It’s become obvious since President Trump’s ideologically driven Attorney General Jeff Sessions announced an end to the DACA (Deferred Action for Childhood Arrivals) program allowing those brought to this country illegally by their parents to live and work here without fear of deportation that the president’s not really on board. Oh, he may say he’s for it, but Trump’s wandered hither and yon on the issue, and even Sessions’ action seemed to come with some caveats, delays, etc.
But it’s still a damaging order, and it never should have happened.
Toward the end of fixing what the president’s action has broken, North Carolina Attorney General Josh Stein has joined a lawsuit by attorneys general from 15 states fighting Trump’s plan.
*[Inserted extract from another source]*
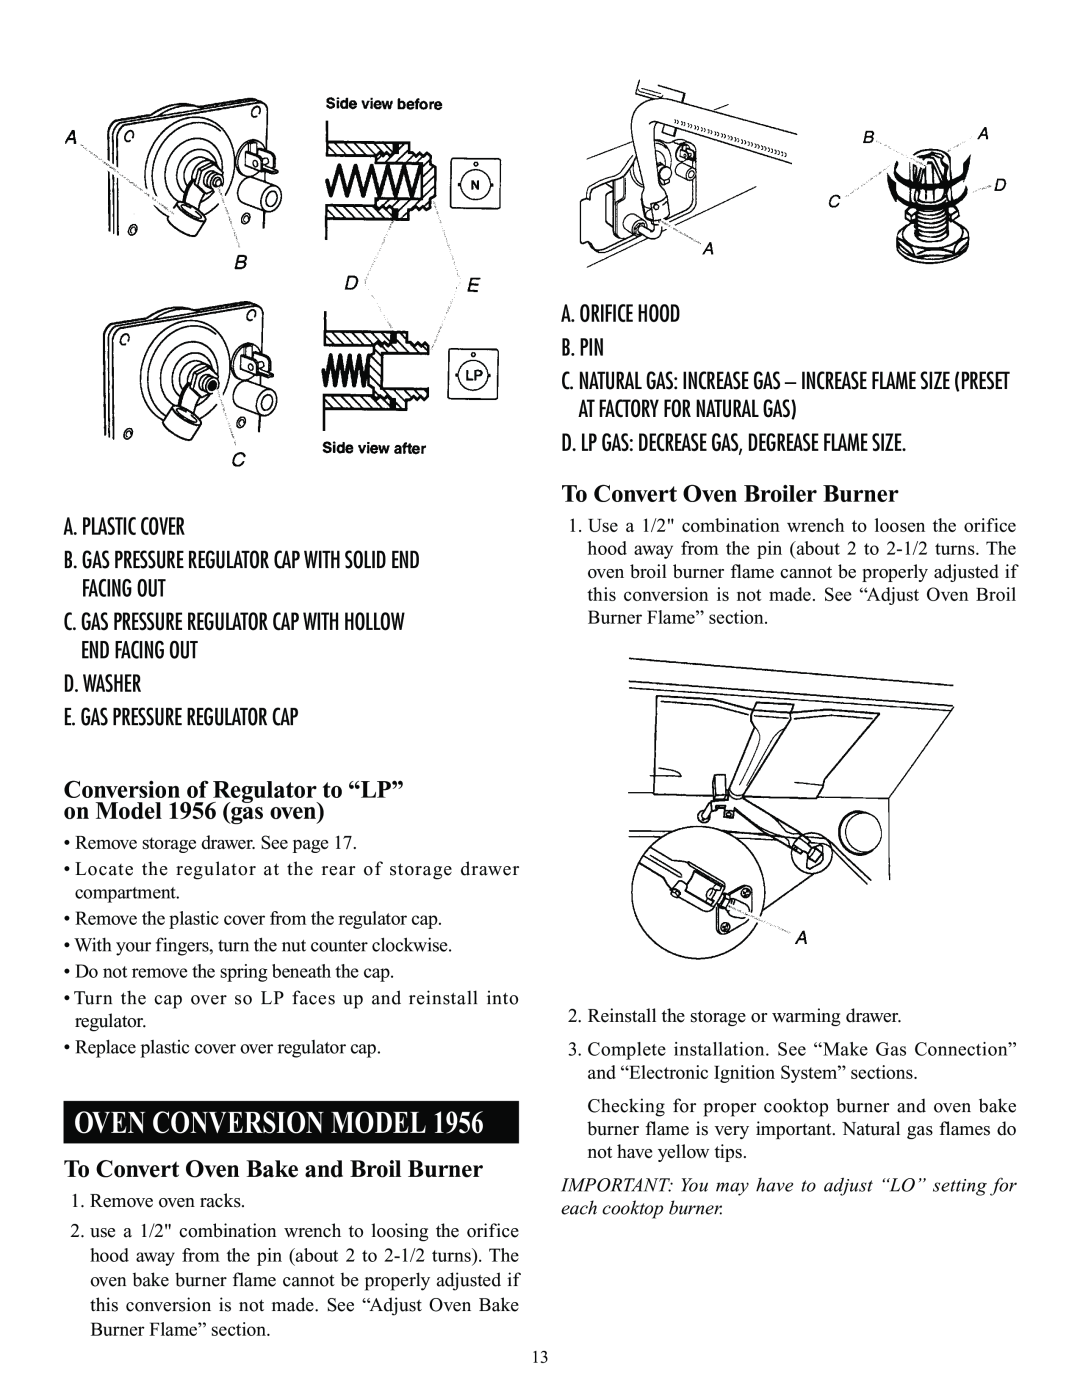 Elmira Stove Works 1954 manual Oven Conversion Model, To Convert Oven Bake and Broil Burner, To Convert Oven Broiler Burner

Stein is following not just his conscience, which he should do, but his belief that the law is just.
He also knows it’s important to North Carolina, which the lawsuit says has one of the “largest undocumented high school populations in the country,” noting that 31,000 students enrolled in 2015 did not have paperwork that authorized them to live in the U.S. And many students in North Carolina colleges and universities would be affected by the end of DACA, which would hurt the state’s tax base – a problem that will be felt around the country.
Stein put his view on the subject as eloquently as it’s ever been put since this issue came to the fore: “Ending DACA,” he said, “isn’t just cruel to Dreamers (another name for those in the program), against our American values, and the wrong thing to do for our nation’s economy, it also violates our Constitution.” The attorneys general, all Democrats, are arguing that Trump’s move violates equal protection and due process rights guaranteed by the Constitution.
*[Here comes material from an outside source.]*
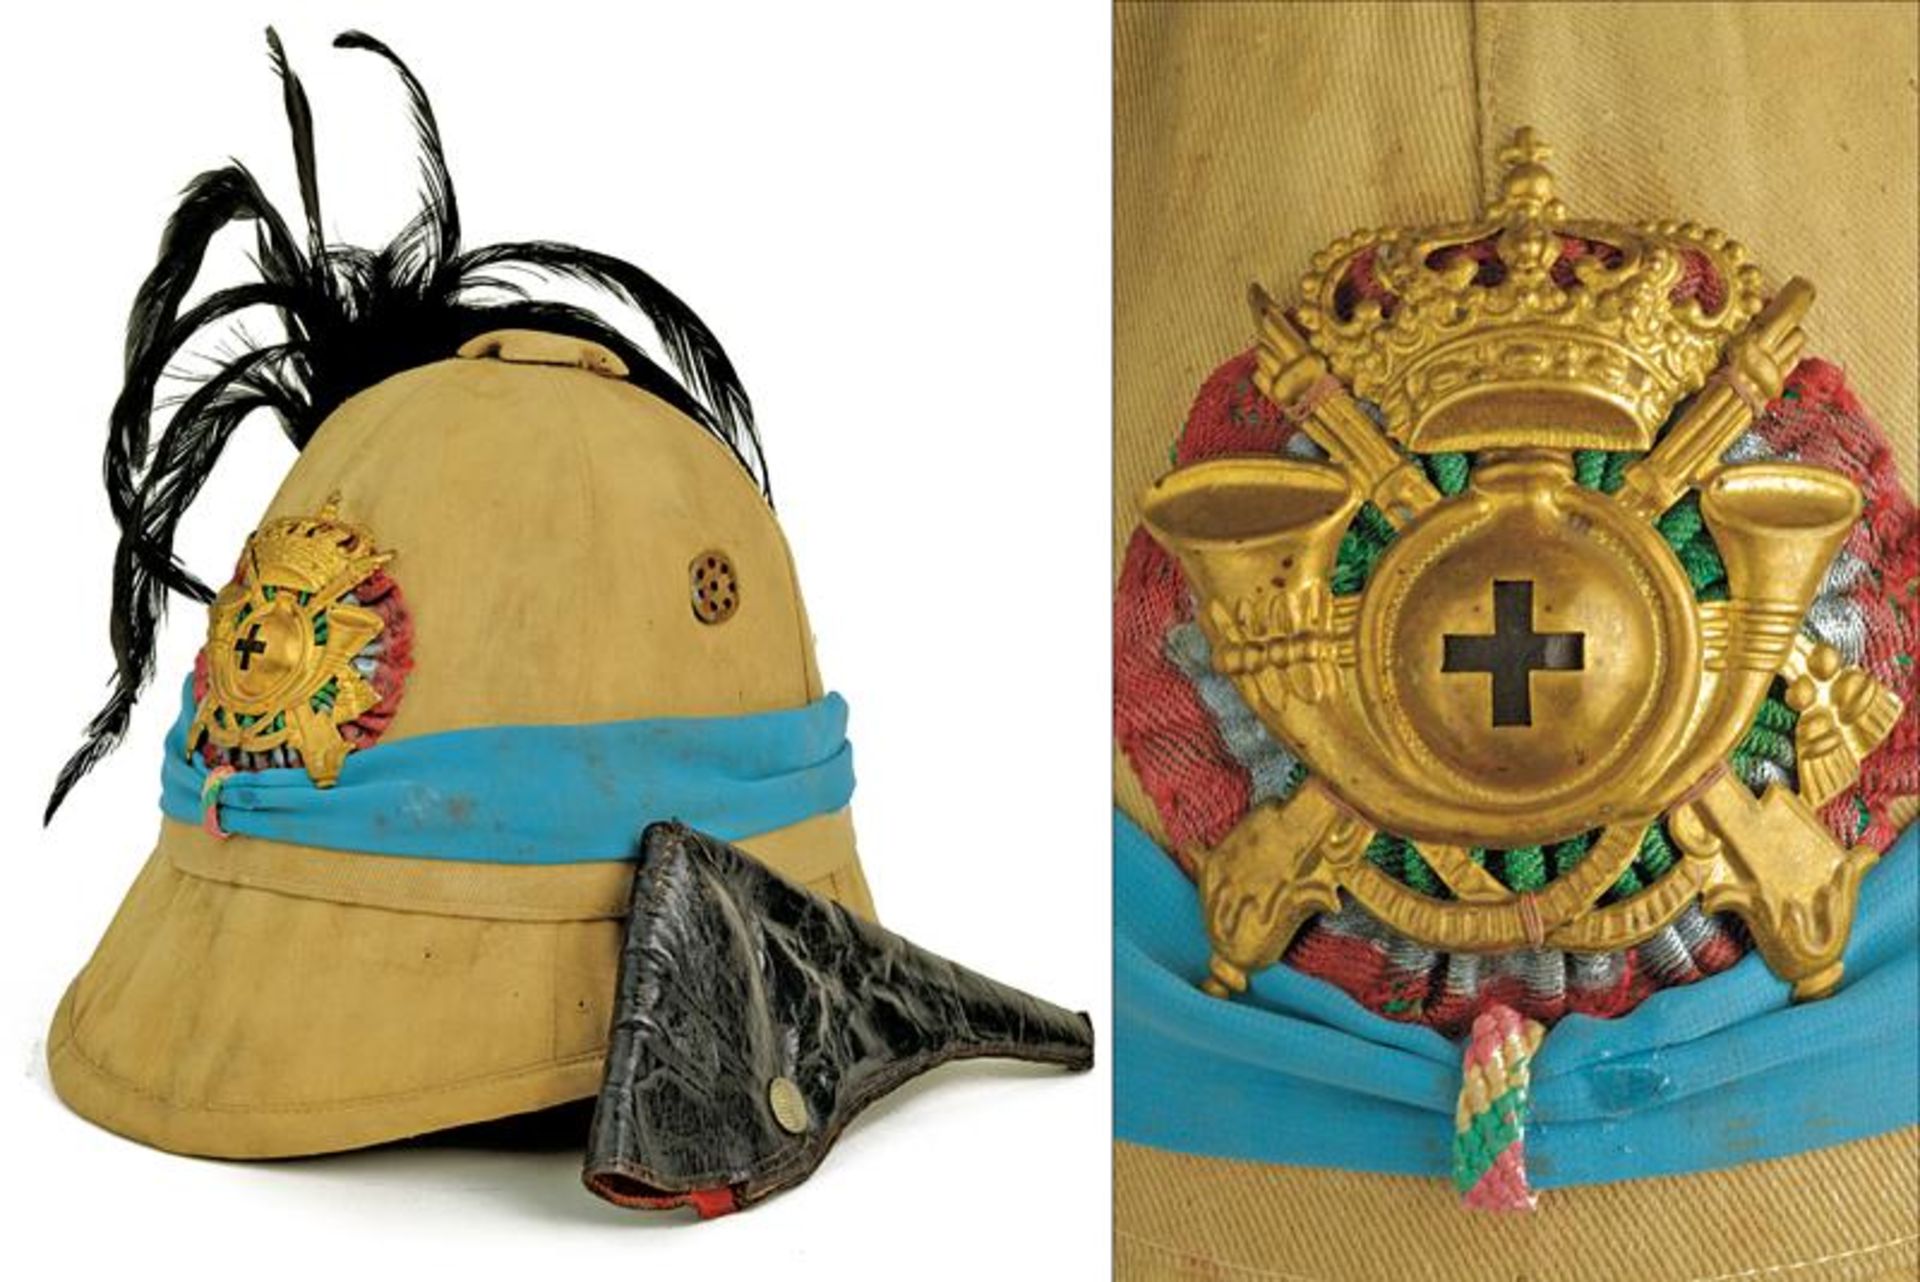 A 'Cacciatori d'Africa' officer's colonial helmet

Someone as vehement as Stein is Washington state Attorney General Bob Ferguson, who said of the lawsuit against the action, “Put yourself in their shoes. You’re a Dreamer. Our country is going to deport you back to a country you may not even know? Can it be more cruel than that? Honestly, it doesn’t make any damn sense.”
Stein’s action has a practical side. The lawsuit says, “Immigration is a vital catalyst to North Carolina’s economy.” And the immigrant population in this state has grown from 1.7 percent in 1990 to 7.6 percent in 2014, according to a center at UNC-Chapel Hill.
Before he acted, Trump talked about how much he like the Dreamers and how he was going to protect them, etc. But the president is easily manipulated by advisers and seems to sway with the winds generated by his right-wing base – a base he doesn’t even seem very comfortable with. So he pushed on with an ill-considered decision. He’s not going to fix it. But perhaps attorneys general who care more about the law, and more about these young immigrants who came here through no decision of their own, can fix it for him. And for the country.